A cet égard, briser le kayfabe est mal vu dans le monde du catch. Pour vous faire une idée, imaginez un acteur de théâtre arrêter
son rôle sur scène durant une représentation.
Pourtant, il arrive que le kayfabe soit brisé, suite à une blessure réelle, le décès d'un lutteur, une rivalité réelle entre catcheurs
ou un changement de scénario décidé en dernière minute (comme le Montréal
ScrewjobNote8).
Depuis l'ère d'Internet, la tenue secrète du kayfabe est de plus en plus difficile (voire impossible) pour les fédérations
de catch. Si par le passé, il était peu aisé de connaitre jusqu'à la véritable identité des lutteurs, il n'est pas rare de
nos jours que les différents scénarios fuitent sur le net. Parfois, ces fuitent sont orchestrées par les fédérations pour
brouiller les pistes (et s'assurer ainsi l'attention des fans), parfois non.
Que peut-il y a voir d'attirant dans un show télévisé montrant des mecs musclés et peu
habillés, des dialogues dignes d'un mononeurone et des demoiselles dans des tenues très aguichantes ?
Justement, des demoiselles dans des tenues très aguichantes !
A côté de cela, le catch est pour moi le double moment de détente hebdomadaire. Inutile de se retourner le cerveau pour
comprendre l'intrigue, on s'assoie dans le canapé et on ingurgite sans peine.
La pyrotechnie et les jeux de lumière sont aussi là pour attirer le regard. Pour couronner le tout, le duo de commentateurs
français (Christophe Agius et Philippe Chereau) a réussi à promouvoir le second degré du catch à travers un humour, certes bas de
plafond, mais agréable. Bref, le catch repose les neurones et c'est bien tout ce qu'on lui demande. Il s'agit d'un divertissement
(sportif) et il joue son rôle à merveille.

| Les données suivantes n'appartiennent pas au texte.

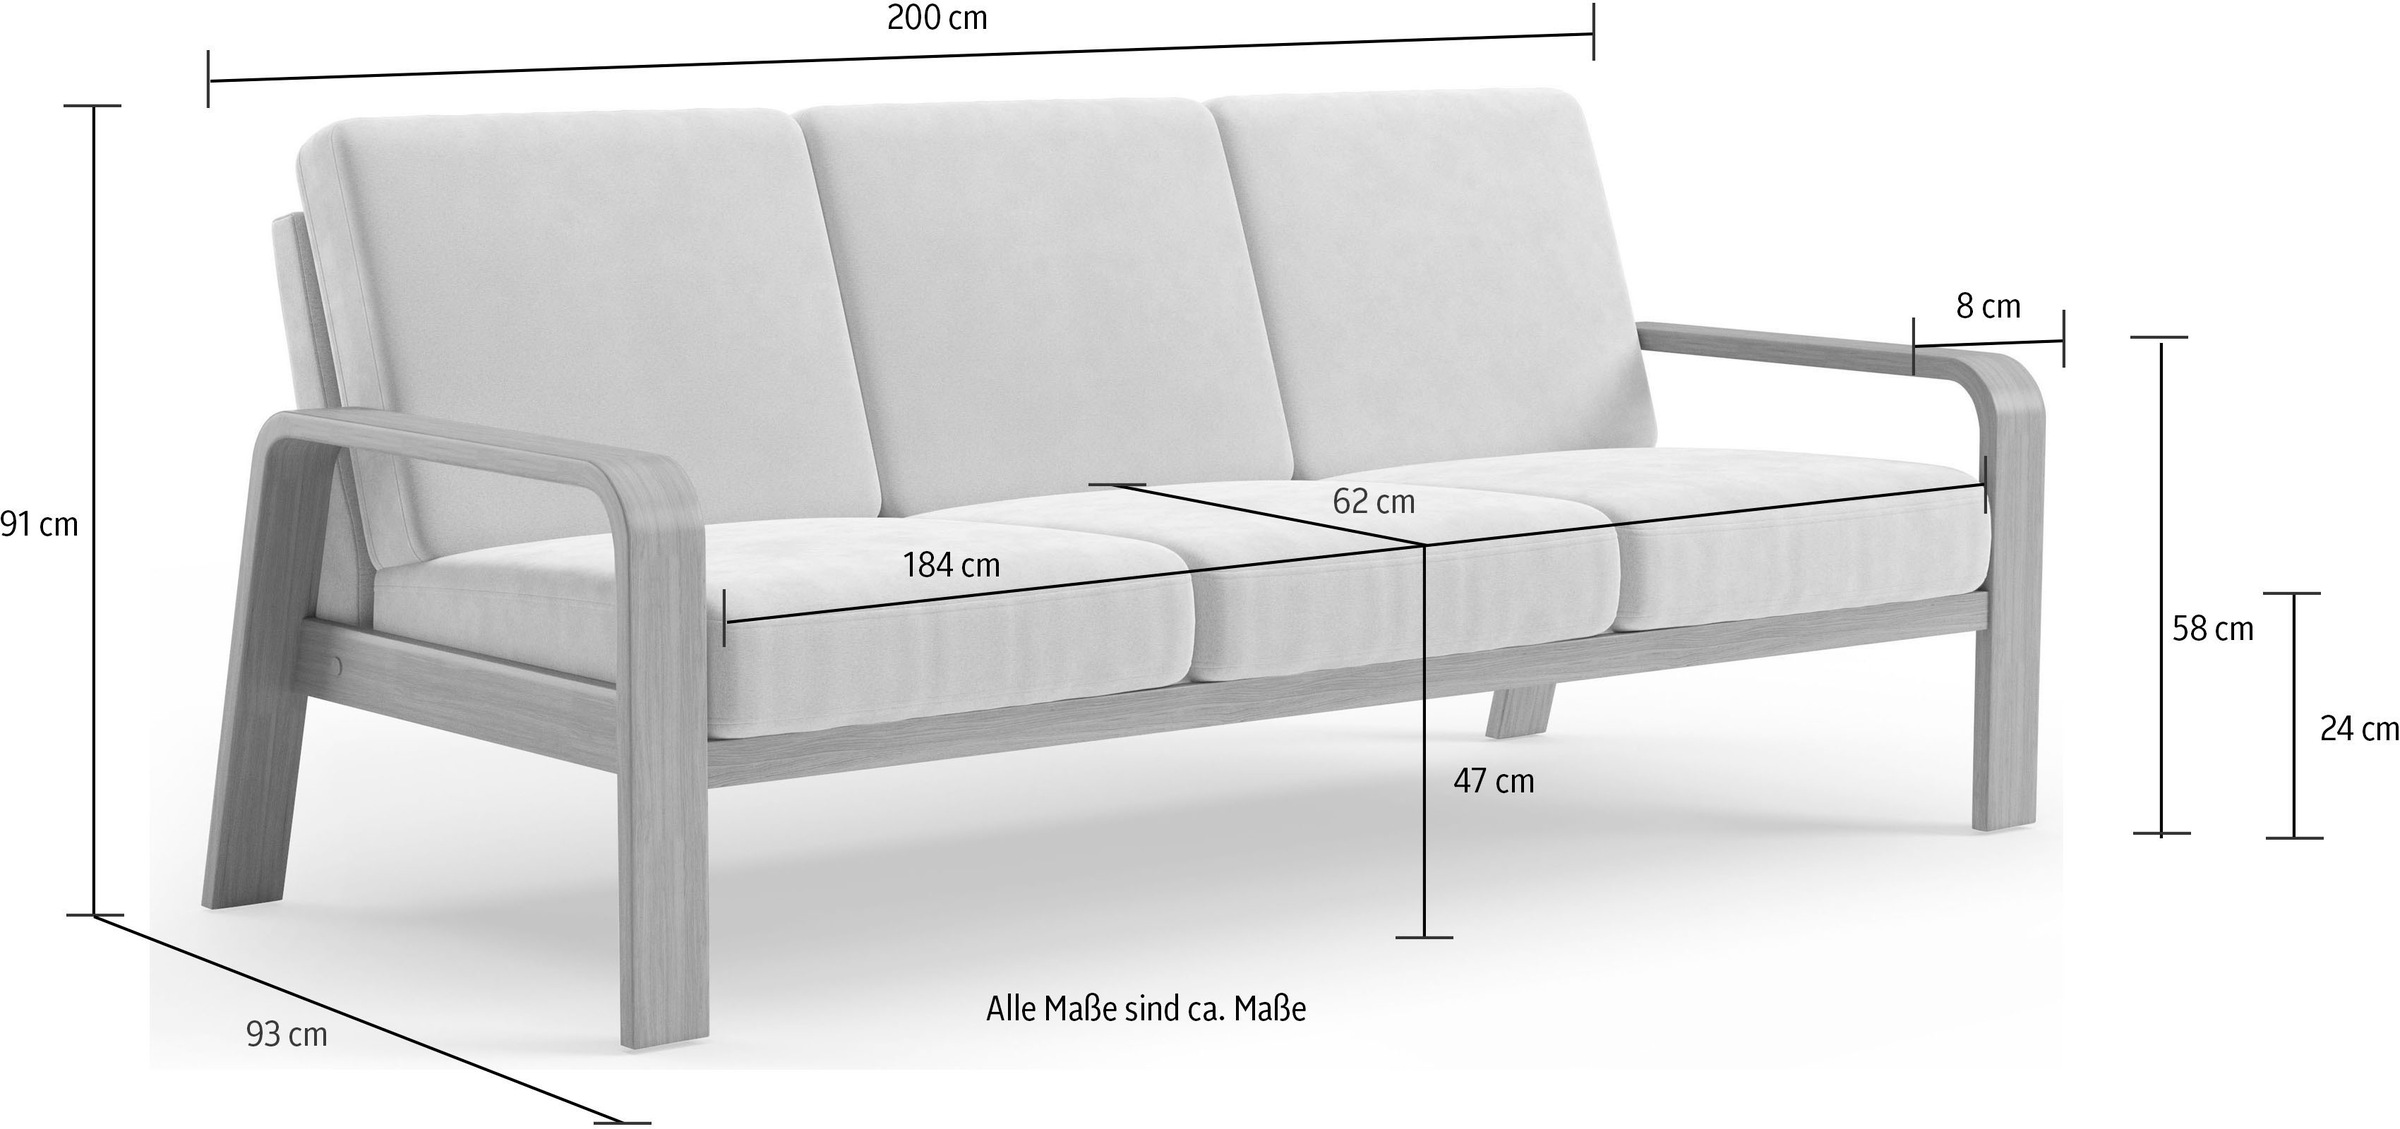 sit&more 3-Sitzer »Kolding«, Armlehnen aus Buchenholz in natur, verschiedene Bezüge und Farben
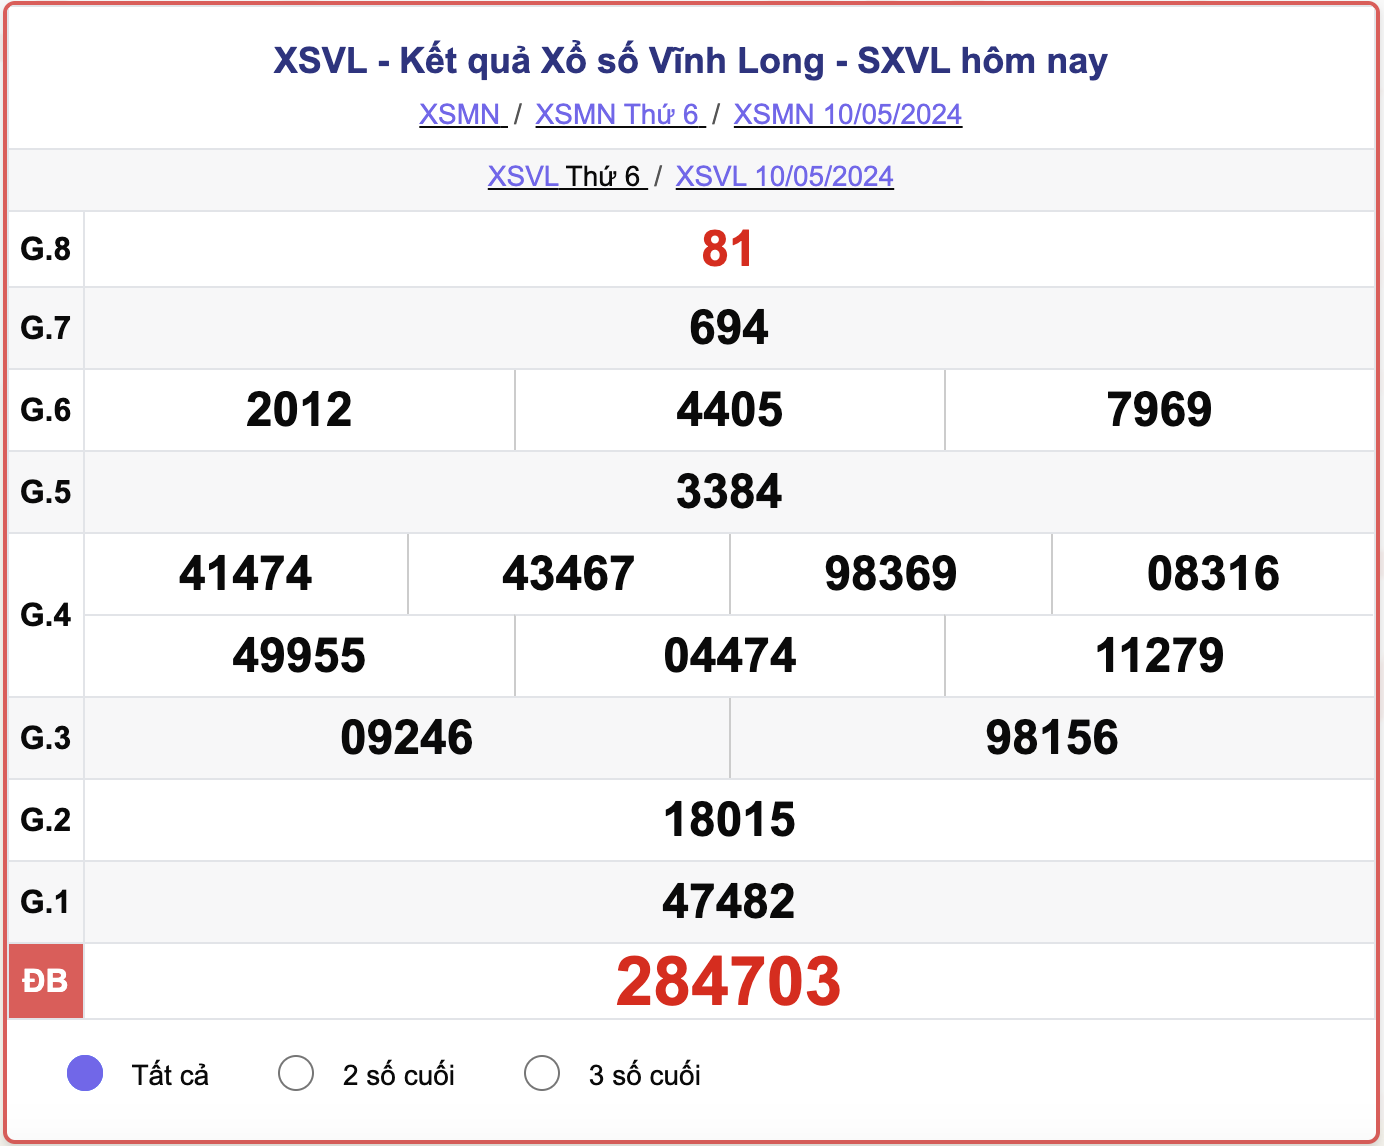 XSVL thứ Sáu, kết quả xổ số Vĩnh Long ngày 10/5/2024.

Le catch me semble moins débile ou abrutissant que la téléréalité, et si l'on loupe un épisode, on peut toujours suivre le
fil des histoires sans trop perdre au passage.
CM Punk à RAW, toisant les commentateurs Jerry Lawler et Michael Cole en 2012
© WWE
SmackDown et RAWNote9 sont mes seules habitudes télévisuelles. Il y a bien de temps en temps un documentaire qui me scotche devant mon écran mais le reste, je n'y accroche pas. C'est ainsi.
La mauvaise presse de la WWE provient aussi de la durée de vie limitée de ses vedettes.
Fermant les yeux sur les prises de stéroïdes, de drogue et d'alcool par les lutteurs, la fédération de Stamford se retrouve
depuis plusieurs années avec une liste d'ex-lutteurs passés de vie à trépas alors que ceux-ci n'avaient pas atteint les 60 ans
(voire même largement moins) : Randy « Macho Man » Savage (58 ans), Eddie Guerrero (38 ans), Andrew « Test » Martin (33 ans) ,
« Mr Perfect » Curt Hennig (44 ans), « British Bulldog » Davey Boy Smith (39 ans) ou encore Chris Benoit (40 ans). Le cas de Benoit
est encore plus glauqueNote10.
Depuis, contrainte et forcée pour son image, la WWE est enfin intransigeante par rapport à l'usage de substances illicites et elle
contraint au repos les lutteurs ayant subi une commotion cérébrale.
Mais comme pour rappeler les jours les sombres de la compagnie, c'est au tour de l'Ultimate Warrior (54 ans) de décéder inopinément.
En guerre ouverte avec la WWE depuis 1998, il s'était réconcilié avec la fédération il y a quelques semaines seulement. Ce retour
à la sérénité lui aura permis d'être intronisé au Hall of
FameNote11 et d'enfin avoir la reconnaissance qui lui
était due. Il a peut-être senti son heure arrivé à grands pas... Deux jours après son intronisation et au lendemain de son unique
passage à RAWNote12, son décès est annoncé.
Pour les anciennes gloires ayant la chance d'être encore de ce monde, la vie n'est pourtant pas des plus simple. Rey Mysterio en
est à la septième opération du genou. Il y a fort à parier que passé 40 ans, il ne pourra plus marcher normalement. Autre vedette,
autre problème avec Edge (40 ans) : contraint de prendre une retraite anticipée à 38 ans, le moindre choc supplémentaire au cou
pourrait le clouer définitivement dans une chaise roulante, voire pire.
D'autres, enfin, ont failli sombrer définitivement dans l'alcool avant de trouver leur salut. Jake « The Snake » Roberts et Scott
« Razor Ramon » Hall sont d'ailleurs revenus le temps du Hall of Fame.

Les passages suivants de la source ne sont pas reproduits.